The following code is one way to check smaller symmetric groups for such subgroups.

    for n in [3..7]
    do
        G := SymmetricGroup(n);
        subgroups := Filtered(ConjugacyClassesSubgroups(G),X->Order(Representative(X))<Factorial(n)/2;
        subgroups := Set(List(subgroups,X->IdGroup(Representative(X))));

        testlist := [];

        for Hh in subgroups 
        do
            H := SmallGroup(Hh);
            vallist := [];

            cycsubs := Filtered(ConjugacyClassesSubgroups(H),X->IsCyclic(Representative(X)));

            cyctypes := Set(List(cycsubs,X->IdGroup(Representative(X))));

            for K in cyctypes
            do
                subnumber := Sum(List(Filtered(cycsubs,X->IdGroup(Representative(X))=K),Size));
                Add(vallist,[K,subnumber]);
            od;

            Add(testlist,vallist);
        od;

    truthvals := List(testlist, L->Size(Filtered(testlist,M->M=L))>1);

    if ForAny(truthvals,X->X) then Print(n, "\n") ; break; fi;
od;

It'll simply print out the value $n$ if $S_n$ has non-isomorphic subgroups which have the same number of cyclic groups of every order. In this case, it prints out nothing. So we have a lower bound $n\geq 8$, and thus $n=8$ is the answer.

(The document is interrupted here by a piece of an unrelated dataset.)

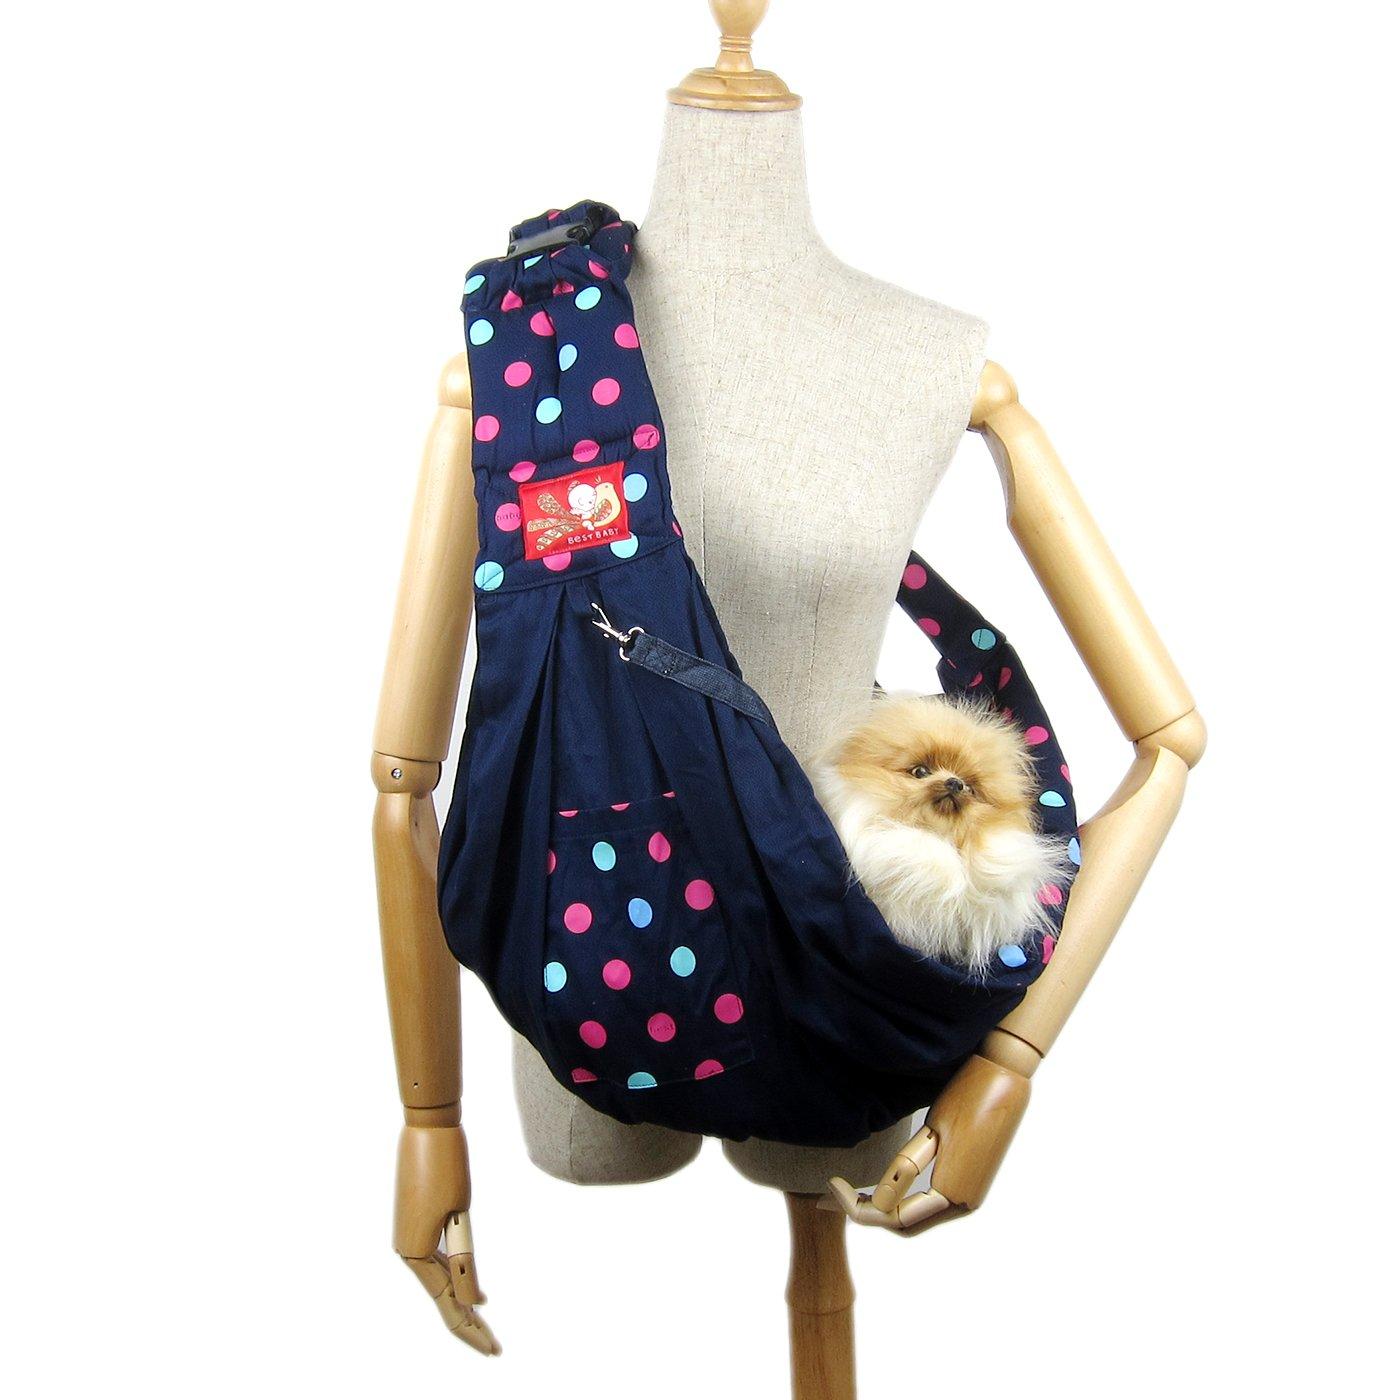 Alfie Pet by Petoga Couture - Hollis Pet Sling Carrier with Adjustable Strap - Color: Navy

Note the first definition of subgroups excludes $S_n$ and $A_n$--these subgroups are the unique subgroups of their order in $S_n$, so we may safely exclude them. This has the added advantage of making sure that all calls to IdGroup will be valid: $A_7$ and $S_7$ are not covered by the SmallGroups package, and therefore using IdGroup on them would result in errors. With them safely excluded, all groups that occur work with IdGroup, which is all we need to determine isomorphism types.